Good Morning Beijing
“Disney is too far to go, please come to Shijianshan !”
Qu’est ce qui est le plus ridicule dans ce slogan : reconnaître qu’il ne s’agit que d’une copie ou supplier de venir au parc ? En réalité, le ridicule est ailleurs. Ils ne craignent rien et sont allés bien plus loin avec les attractions. Alban et moi avons été les seuls à prendre le risque de gaspiller nos yuans :
America Adventures : l’extérieur ne payait pas de mine, mais puisqu’il ne faut pas juger un livre par sa couverture (aille spique ingliche) nous l’avons faite. J’en ai pleuré de rire. C’est de loin l’attraction la plus ridicule qui soit. On était dans un petit train sur lequel était attaché quatre pauvres pistolets lasers. Le but était de viser différentes cibles foireuses disposées sur des piquets entre deux marionnettes de cowboys ressemblant... à rien ! Bref, grosse barre de rires d’avoir payé pour ça.
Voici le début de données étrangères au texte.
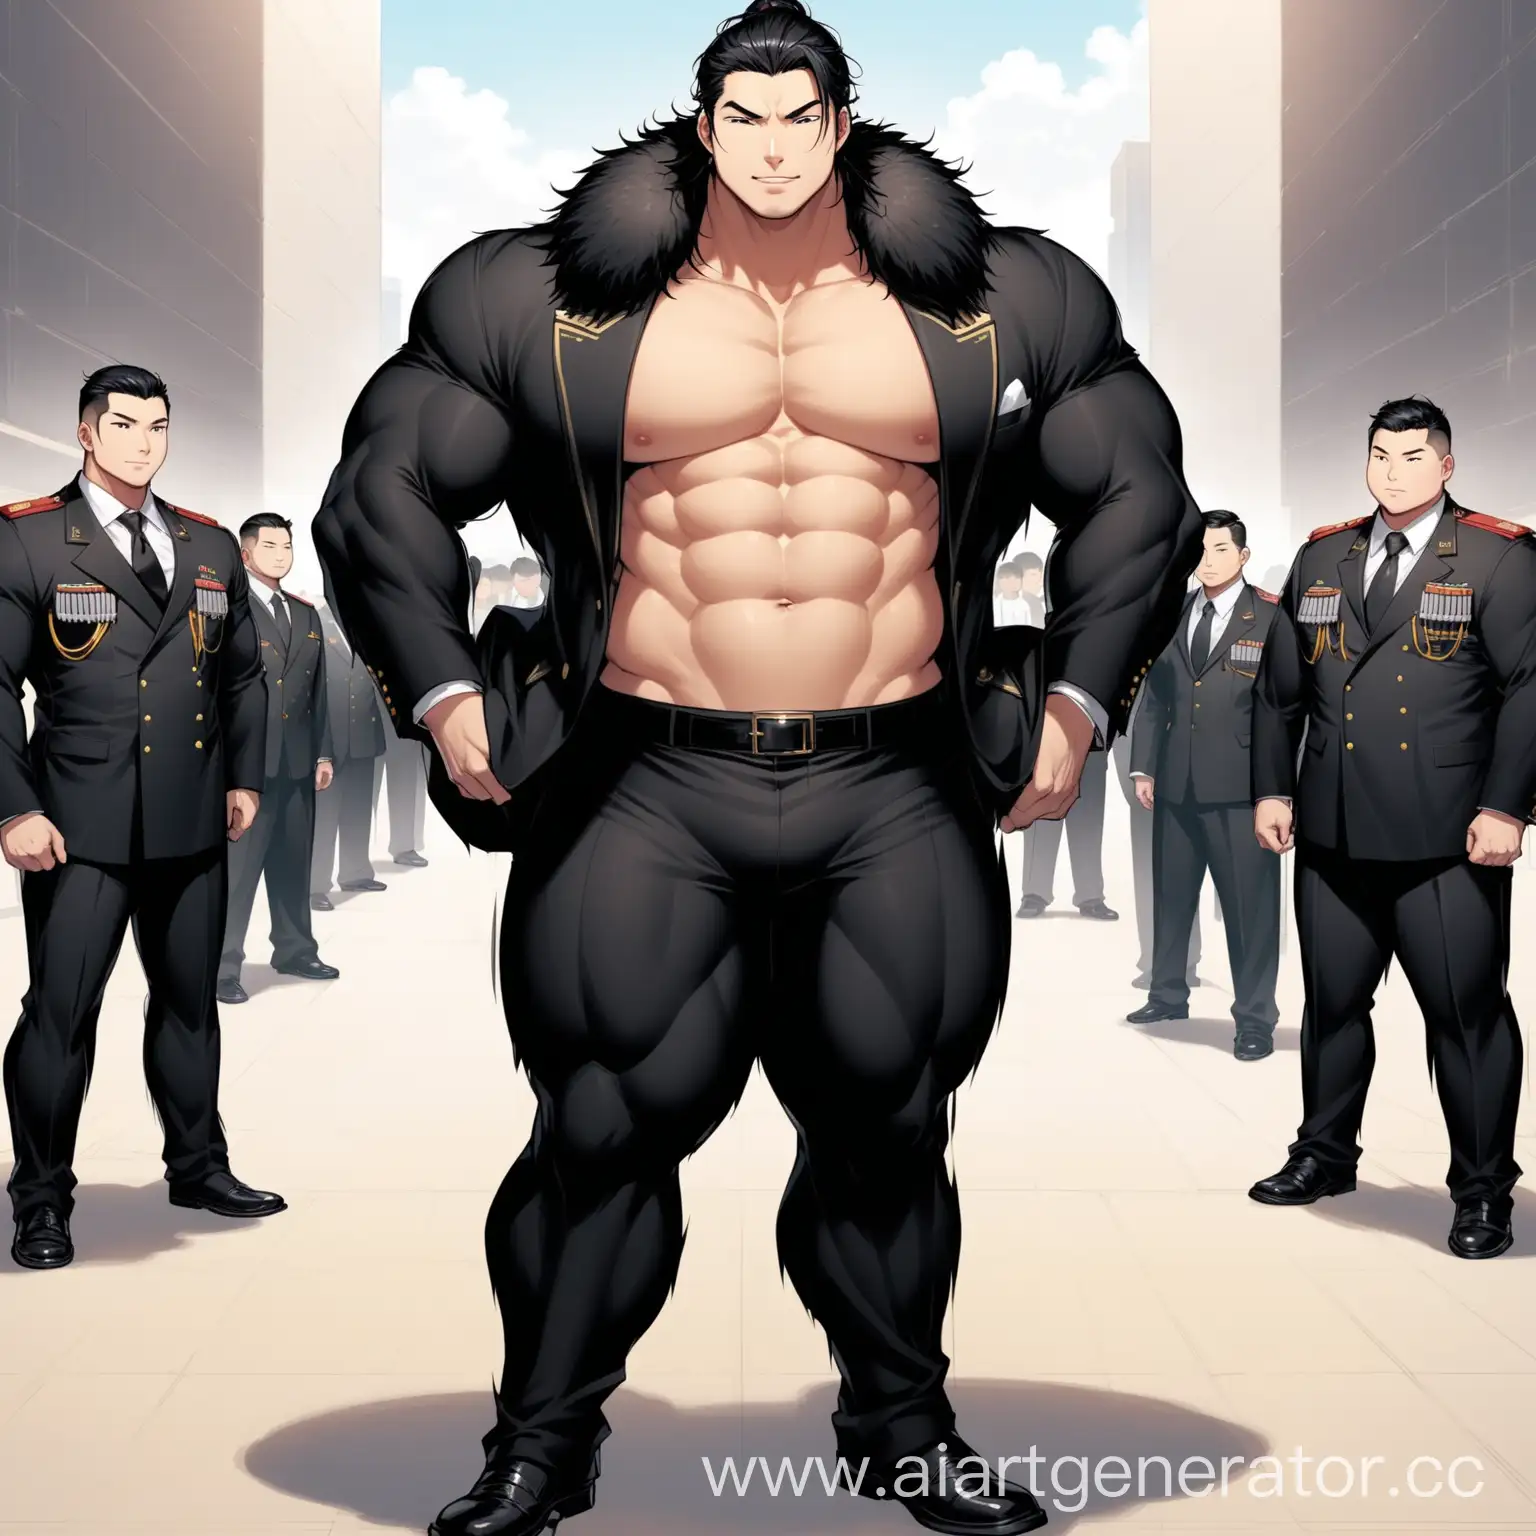 Giant-Chinese-Man-in-Sleek-Black-Suit-with-Visible-Abs-and-Military-Accents
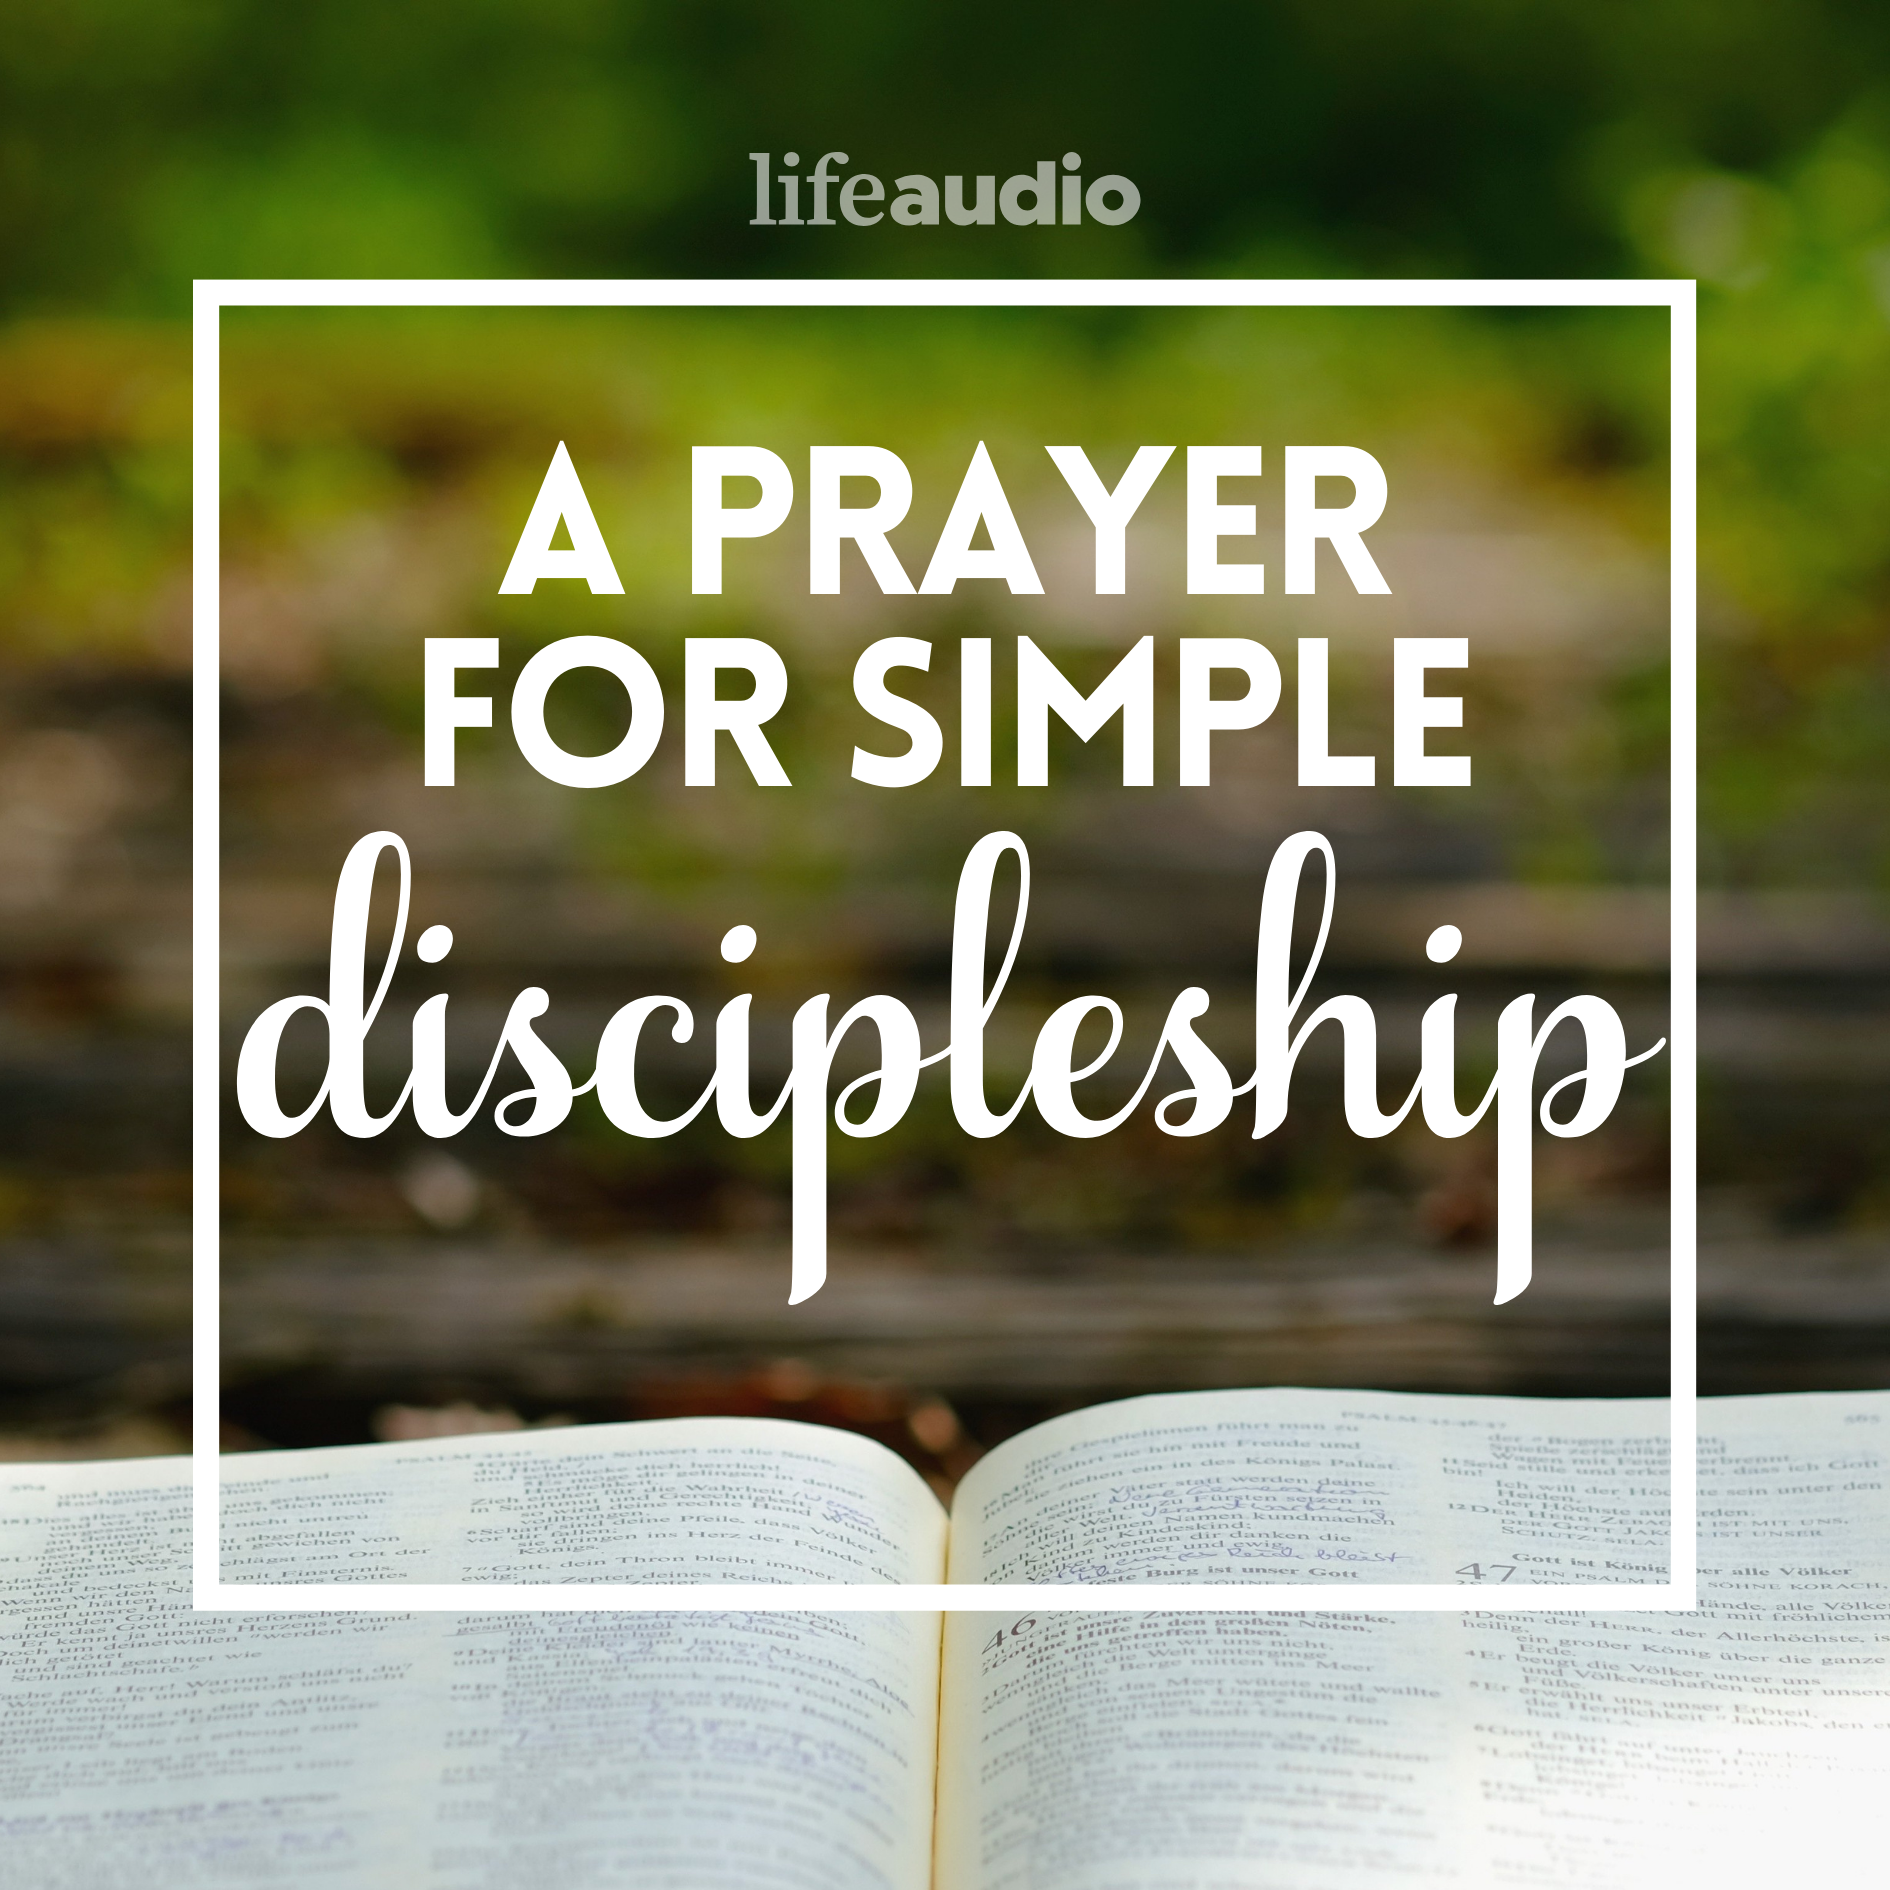 A Prayer for Simple Discipleship

Même une fête foraine itinérante ne proposerait pas un tel truc.
Flying Airplanes (aka le vol de la mort): nous ne savions pas comment utiliser les crédits car les ¾ des attractions étaient fermées, donc on a naïvement pensé que le manège de petits avions pouvait être amusant. Lorsque l’employé du parc nous a demandé de fermer nous même la porte mécanique de l’avion individuel et que l’on a vu que la ceinture était un pauvre bout de tissu, on s’est dit que ça ne serait pas très mouvementé. En réalité on a enchainé les loopings, j’ai cru que c’était la fin de mon iPhone… et accessoirement de ma vie. Alban a pris une vidéo, je tâcherai la mettrai en ligne prochainement. Il faut que vous entendiezle grincement rassurant de la porte en plein looping.
Le train de la mine : vous visualisez celui de Disney ? C’était la même chose en 2 fois moins confortable, 3 fois plus lent et pourtant 4 fois plus court. Cool stuff.
Pourtant l’idée n’était pas bête à l’origine. Rassembler les personnages de Disney, Pokémon et Hello Kitty (sans verser un centime de royalties, this is how they roll) était un coup de génie marketing. Disney a naïvement tenté un procès pour défendre leurs droits d’auteurs, je vous laisse imaginer comment ça s’est terminé. On peut tout de même les comprendre lorsque l’on voit leur tentative de copie du château de la Belle et Bois Dormant.
Au final, ce parc d’attraction reste un mystère. L’immense majorité du parc était abandonné, désaffecté ou mal entretenu. Pourtant il y avait encore pas mal d’employés. On se sentait au milieu d’une ville fantôme. Alors que le parc était tout de même assez grand (je dirais la moitié du Parc Astérix à vue d’œil), je ne pense qu’ils aient dépassé la centaine de visiteurs sur la matinée.